A team from the Museum of London has discovered a hoard of what is almost certainly royal treasure, buried in a mysterious, empty human grave laid out in the traditional Christian manner - east to west.

"Our excavations demonstrate the position as a significant and important place at an earlier date than we thought," said Alison Telfer, the senior archaeologist in charge of the dig.

The finds are among the most remarkable discoveries ever made in London and are likely to shed new light on the very early stages of the introduction of Christian ideas into the Anglo-Saxon world 1,400 years ago.

Located immediately next to one of the capital's most famous churches - St Martin-in-the-Fields - immediately to the north of Trafalgar Square, the empty grave appears to form part of a previously unknown ancient cemetery, dating back more than one and a half millennia.

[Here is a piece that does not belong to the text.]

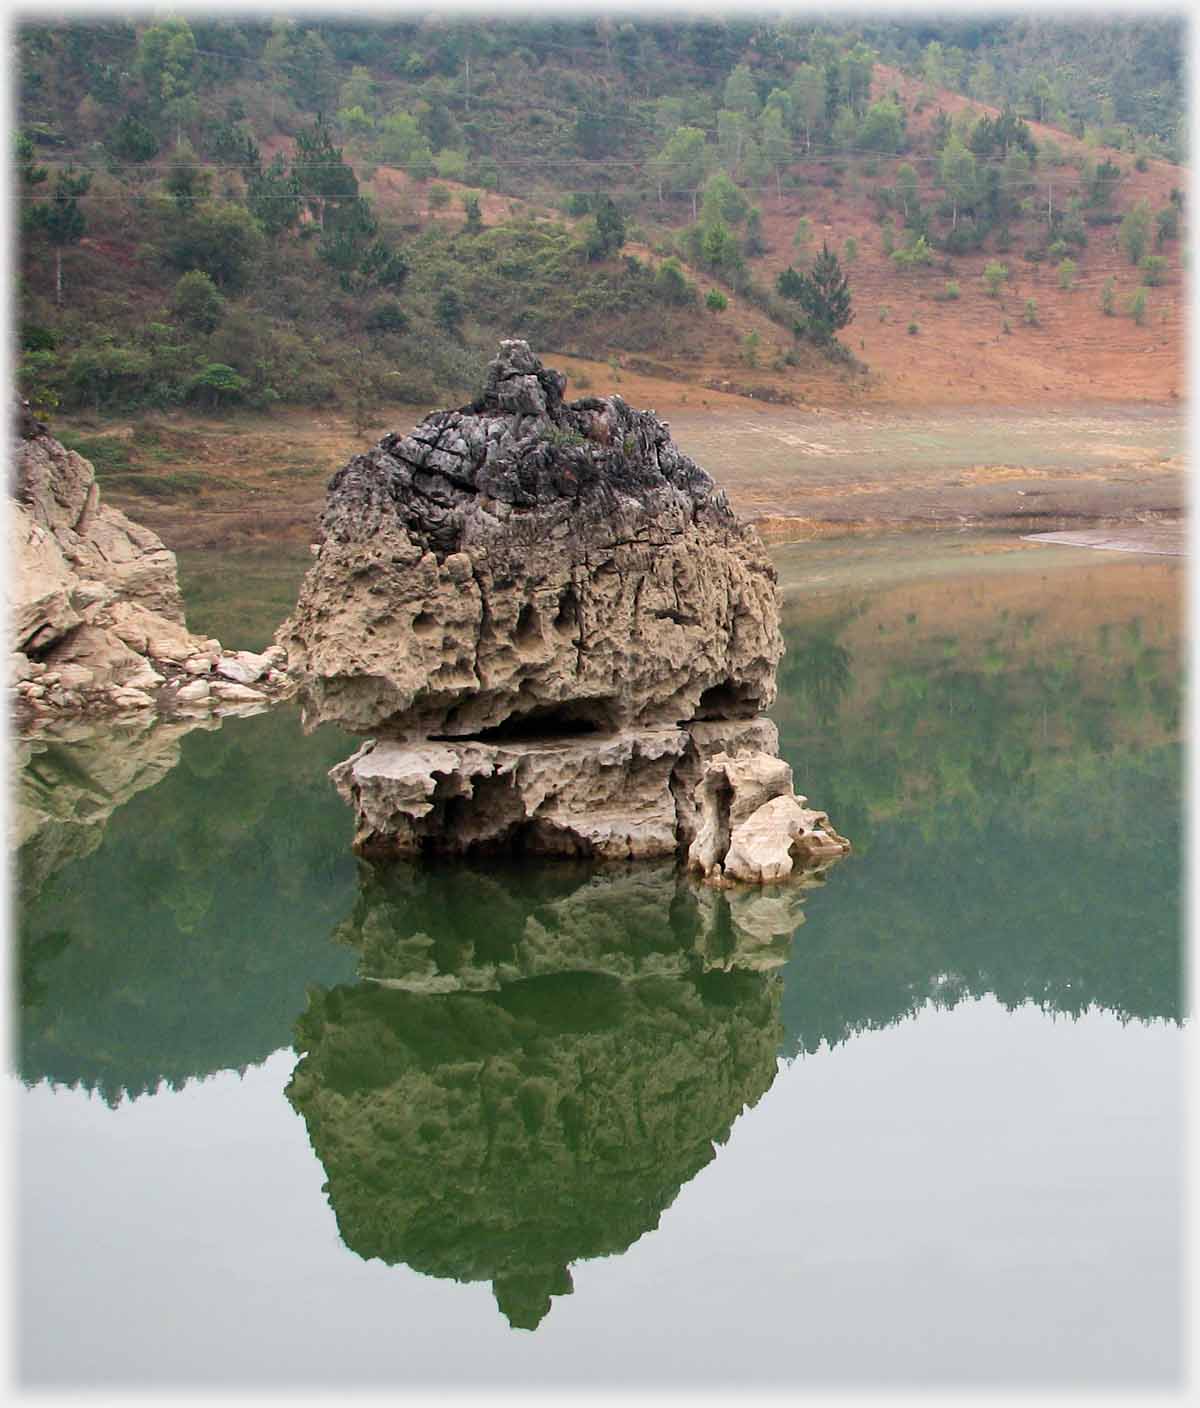 Much pitted rock standing in river with reflection.

Archaeologists have also discovered 24 other graves on the site, all still holding the remains of their occupants.

The treasure hoard in the empty grave consists of a gold pendant inlaid with blue-green glass; glass beads and fragments of silver (possibly a neck pendant); and two pieces of amethyst, possibly earrings.

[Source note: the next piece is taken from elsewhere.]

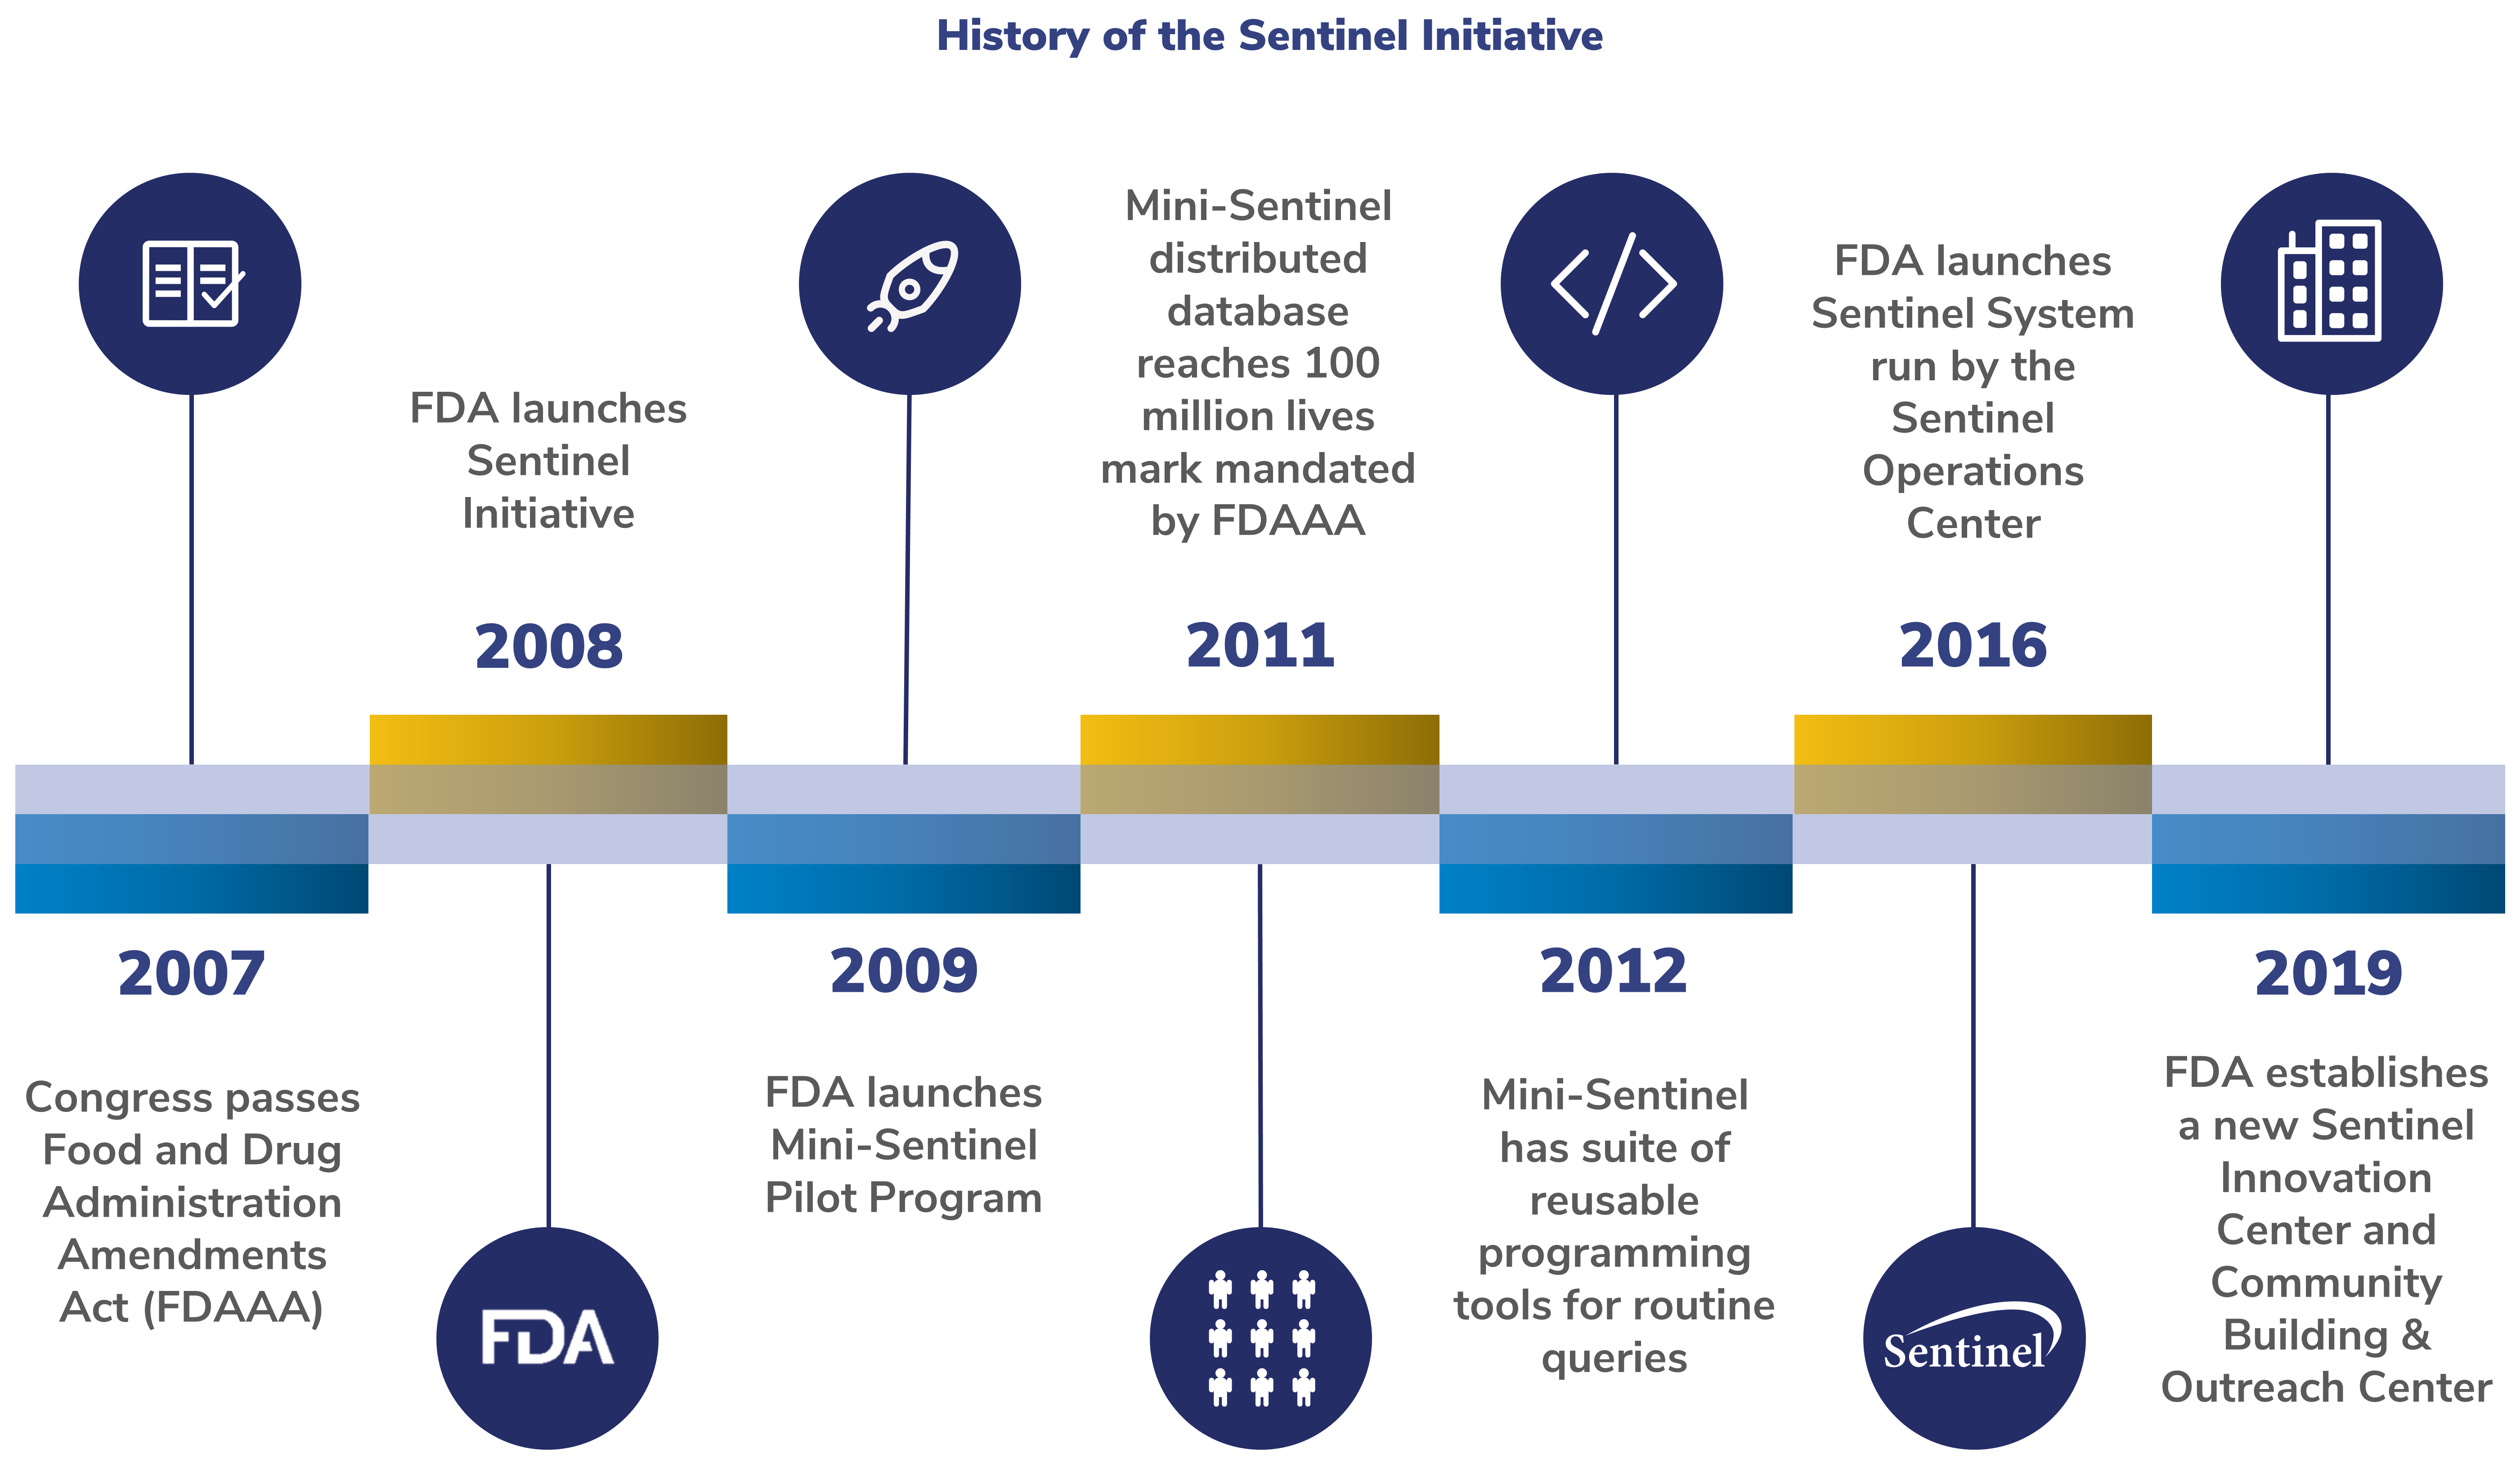 Timeline of the history of Sentinel Initiative

The empty grave, judging by its treasure, and several of the other early graves in the cemetery are estimated to date from the time that Bertha was Queen of Kent - 590 to 610.

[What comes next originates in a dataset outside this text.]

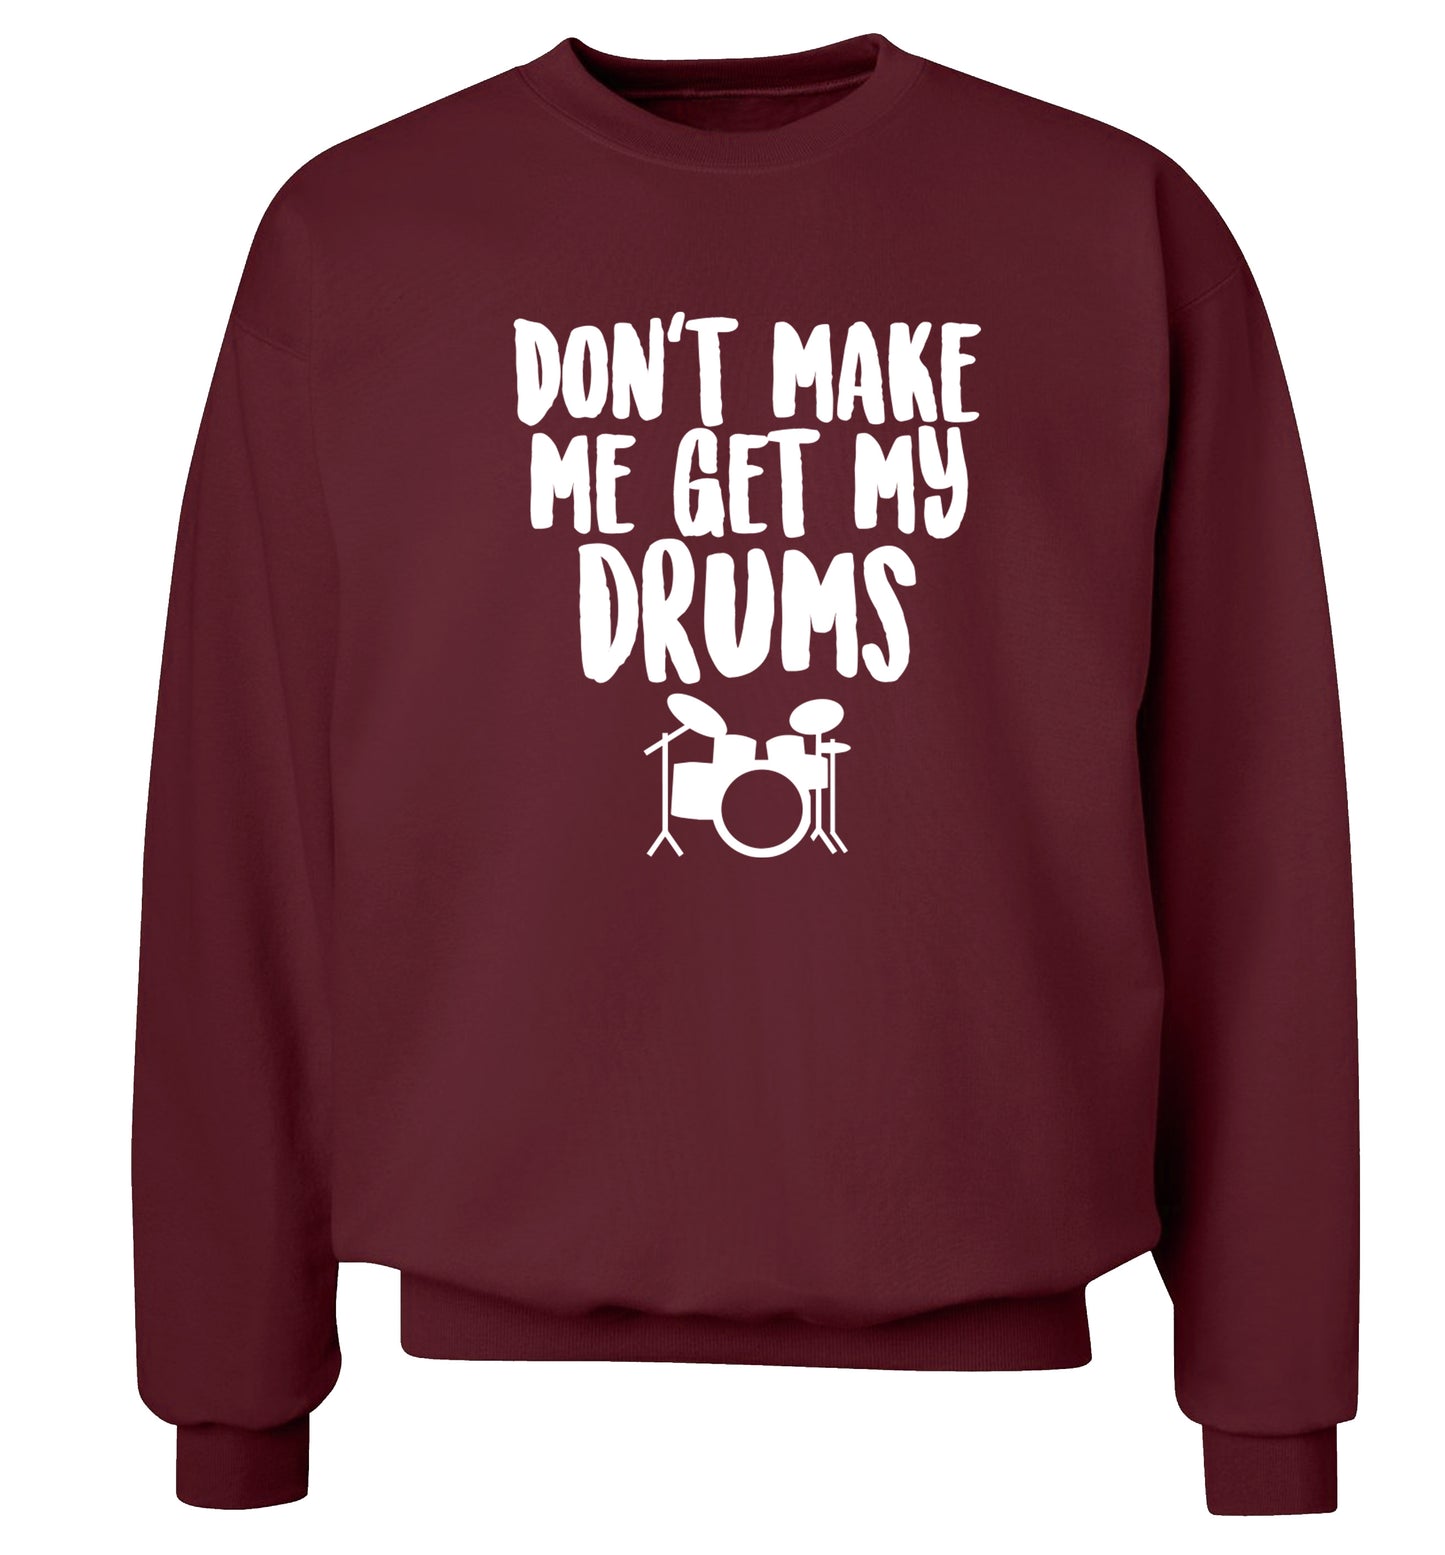 Don't make me get my drums Adult's unisex maroon Sweater 2XL

"It is likely that the grave did initially accommodate a body, but the remains were removed after some months or years for burial inside a church, potentially an early version of St Martin's itself," said Professor Ian Wood of Leeds University, who specialises in 6th and 7th century history.

"It is likely that the empty grave belonged to a relative - possibly even a daughter or a niece - of the most important woman in Britain at the time, Queen Bertha, the wife of the most powerful ruler in England, King Aethelberht of Kent, overlord of the English."

Professor Wood added: "Bertha is the unsung heroine of early English Christianity because it was she, rather than the much more famous St Augustine, who was initially responsible for the introduction of Christianity into the Anglo-Saxon world. It was as a result of her activities that St Augustine was sent to England by the Pope to become the first Archbishop of Canterbury.

"The discoveries are therefore important because they reveal Christian activity, probably associated with Bertha's circle, at this very early stage of Christianity in Anglo-Saxon England."

Bertha was a devotee of the cult of St Martin. Her personal church in Canterbury, presented to her in about 590 by her then pagan husband, Aethelberht, was dedicated to the saint - probably at her behest. And her husband was, after about 597, very keen on ecclesiastical development in London, which was technically part of the kingdom of Essex but in reality under Kentish overall control.

The mysterious empty grave near Trafalgar Square may therefore have been a temporary resting place for a senior Kentish princess during the time that the Anglo-Saxon church of St Martin's was being built.

The excavations have also revealed a second mystery. At least one of the other graves was pre-Anglo-Saxon and dates from the very late Roman or immediate post-Roman period. The burial, in a stone sarcophagus, was also Christian - like virtually all the others - but was 200 years older.

This raises the possibility that the site had Christian links long before the conversion of Anglo-Saxon England, possibly as the location of a small church or mortuary chapel built there in the very late Roman period, immediately before the Anglo-Saxon pagan conquest. This would mean St Martin-in-the-Fields is London's oldest surviving ecclesiastical site, predating St Paul's by some two centuries.